Через пятьдесят лет. Глава 8

Тамара Сергеева 2
                ЧЕРЕЗ ПЯТЬДЕСЯТ ЛЕТ

                Г Л А В А    8

        Дорог нет. Идем колоннами, но каждый сам себе выбирает колею. Первые машины где-то при слиянии песчаной равнины с горизонтом. Равнина однообразна, серо-желто-коричневого цвета. Ни кустика, ни холмика, только иногда «дымятся» от порывов ветра небольшие нагромождения песка. Хочется пить, но не воды из канистр, что у нас есть, а свежей, холодной. Везде песок: на зубах, на коже, в глазах, в одежде, никуда от него не спрячешься.
          На исходе третьих суток колонна прибыла к месту очередного привала. Передышка перед следующим броском – через Хинган. Нас официально предупредили об изобилии в Монголии ядовитых насекомых, в том числе скорпионов. Кроме того, нам не раз встречались ветхие заграждения с с красными тряпочками -  предупреждение: туда нельзя, там чума. Да, Монголия – это не Европа.
         На привале сразу начали готовиться к ночлегу. Всех замучила жара, пыль, песок. Рыли землянки, использовали старые, видимо, до нас здесь кто-то располагался. В землянках поставили коптилки в гильзах от снарядов, постелили, что было, и спать. Ночью здесь прохладно. Уснули мгновенно, но, увы, не надолго. Проснулась  от какого-то жжения кожи, я буквально вся горела. В свете коптилки кожа показалась красной  и неровной, заметила, что краснота шевелится, и поняла – это нашествие клопов. Они набросились на всех, и было их такое скопище, что даже трудно представить. Спать больше никто не смог. Все выходили на свежий воздух, трясли одежду, постель и искали спасения на ветерке.
         Монгольское небо чужое, с иным расположением созвездий, но оно тоже южное и очень красивое. Кто находил знакомое созвездие, радовался как привету с родной земли.

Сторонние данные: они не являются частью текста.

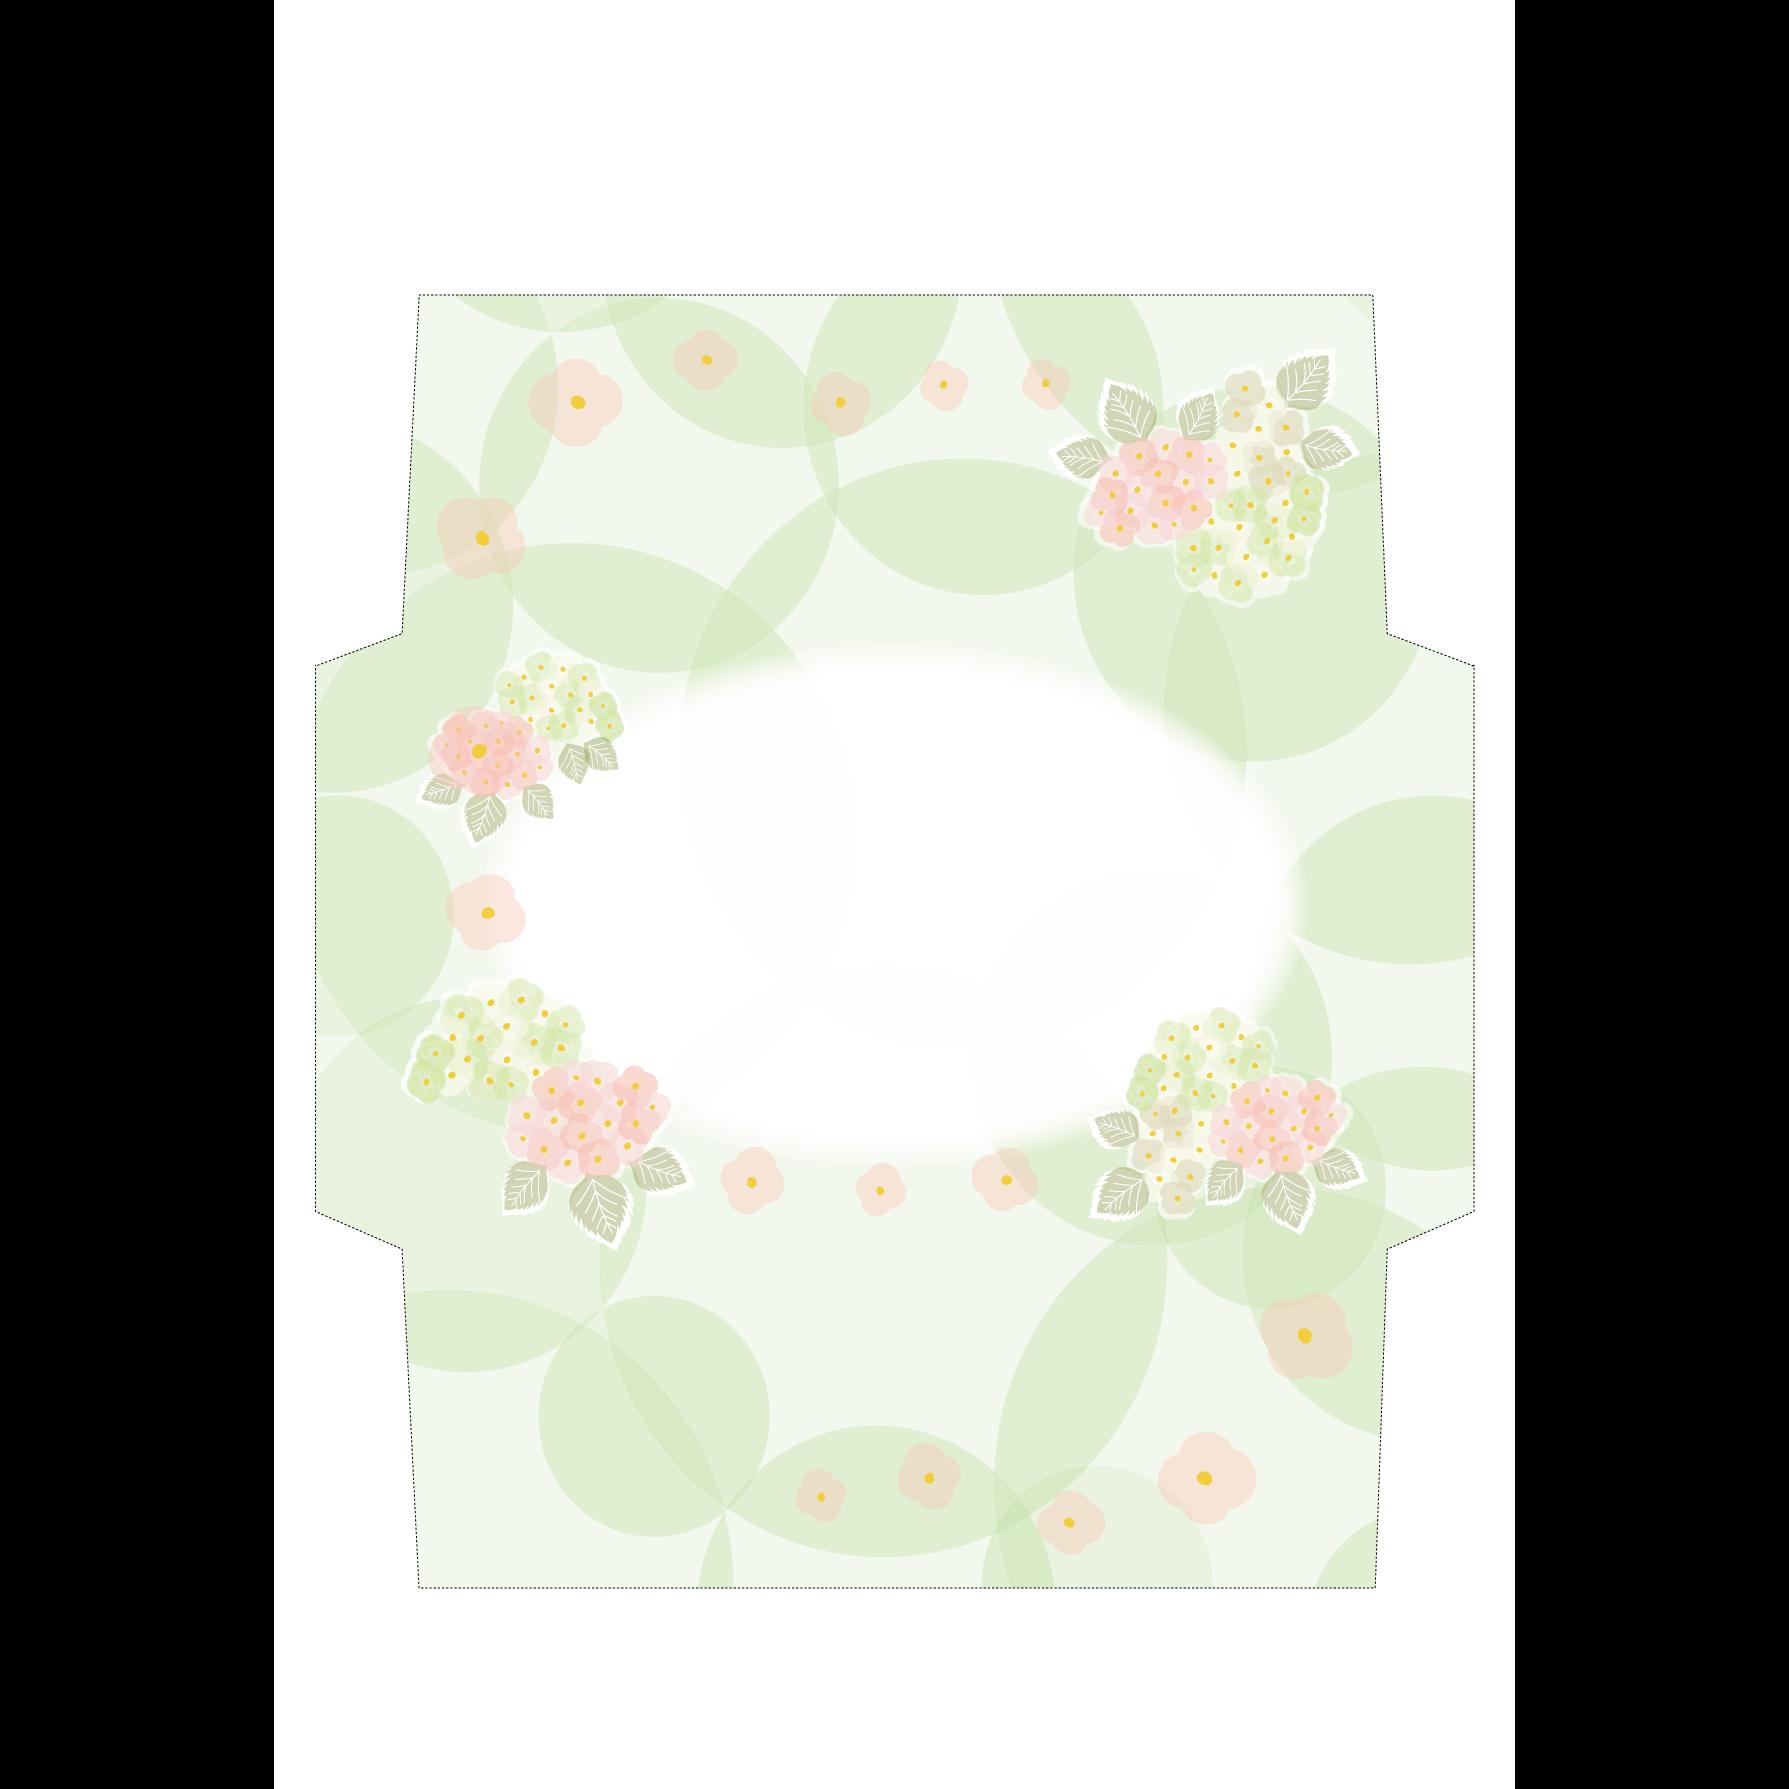 かわいい♪紫陽花(アジサイ)の封筒 無料テンプレート イラスト

        На другой день командование разрешило нам съездить на озеро, кажется, единственное пресное озеро в Монголии  - Буир-Нур. Озеро не очень глубокое, но зеркало воды такое, что противоположный берег лишь угадывался, сливаясь с горизонтом. Оно открылось перед глазами, как мираж, как что-то нереальное  -  громадная чаша с голубой водой. На воде рыбаки тянули сети, выгружали рыбу в лодки. Была такая мирная картина. Не верилось, что мы едем на фронт, что где-то, совсем недалеко, идет война. Квантунсвая армия противостоит нашей с упорством, достойным лучшего применения. От театра войны нас отделял горный хребет  Хин-ган. Что нас ждет?! Но перед глазами вода, и все бросились купаться. Смыли дорожную пыль и усталость, песок пустыни и воспоминание о «клопиной» ночи.

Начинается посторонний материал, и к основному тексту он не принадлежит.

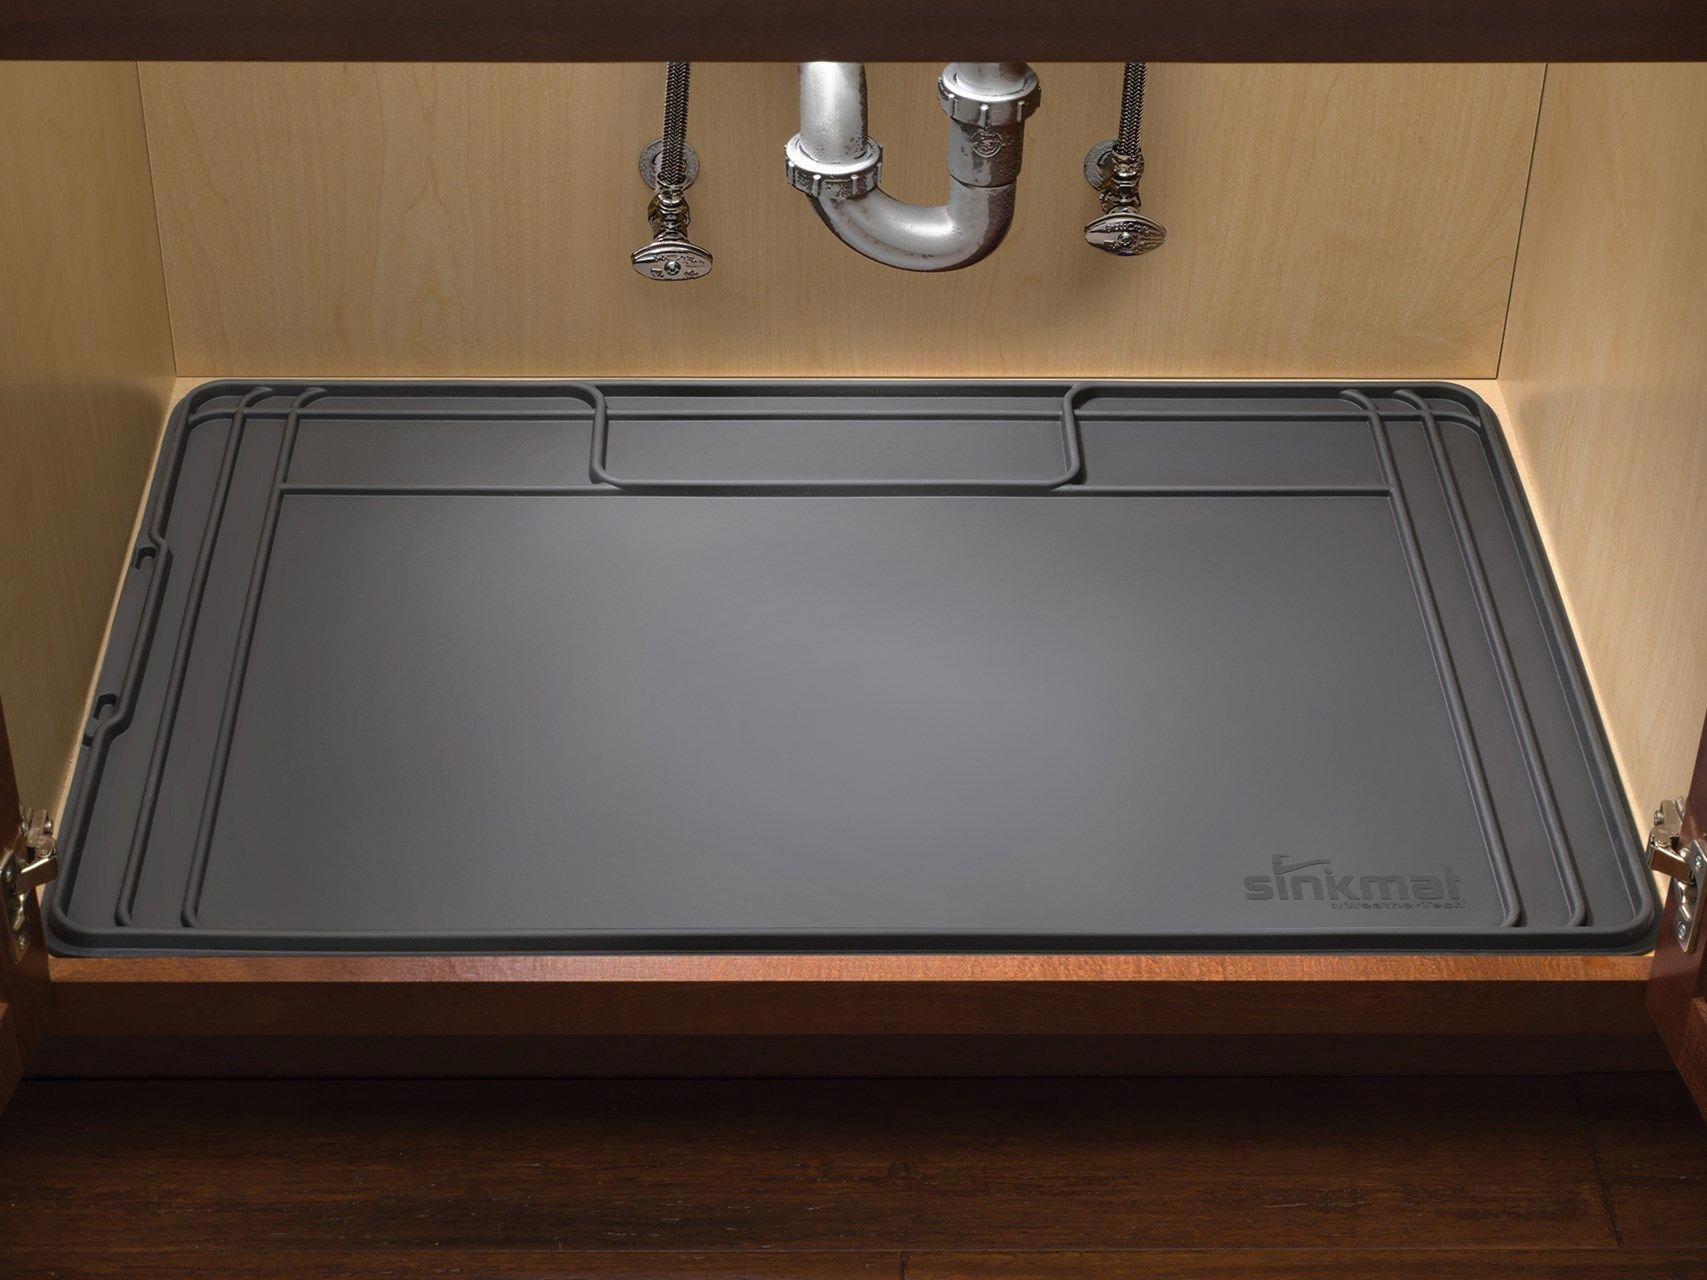 44 Inspiring Design Ideas For Modern Kitchen Cabinets Under Kitchen Sinks Under Kitchen Sink Organization Sink

          Как-то уж очень быстро подошли сумерки. Разожгли костер. Какой же это чудо  - живой огонь! Все сидели у костра, и каждый думал свою думу, даже разговаривать не хотелось. Сумерки сменились ночью, на юге быстро темнеет. Тишина. Нет никакой стрельбы, даже отдаленной, нет суеты. Ухо улавливает лишь шорох воды о песчаный берег. Исчез горизонт, небо слилось с водой, звезды перекочевали в озеро и плавно качались на его пологих волнах. В костре потрескивал огонь, у него своя жизнь: он то затухал, то вспыхивал, создавая маленькие иллюминации. В костре что-то вдруг треснет, взорвется тысячью искр, ярко засветится, мгновение спустя огонь спадет, искры угаснут. Вспоминалась сказочная, таинственная ночь, описанная у Алексея Максимовича Горького в Старухе Изергиль. И по внезапно нахлынувшему желанию поделиться своим восприятием окружающего я сказала: смотрите, а вон тень Ларры бродит. Все стали смотреть по сторонам, а там действительно что-то бродило, неуловимое в ночи. То ли отблески от костра, то ли испарения с озера, гонимые движением ветерка. И все заговорили. Что за Ларра? Расскажи. И я рассказала и легенду о Ларре, и легенду о Данко. Много лет прошло с тех пор, но эта ночь на Буир Нуре не теряет своего волшебства даже в воспоминаниях. 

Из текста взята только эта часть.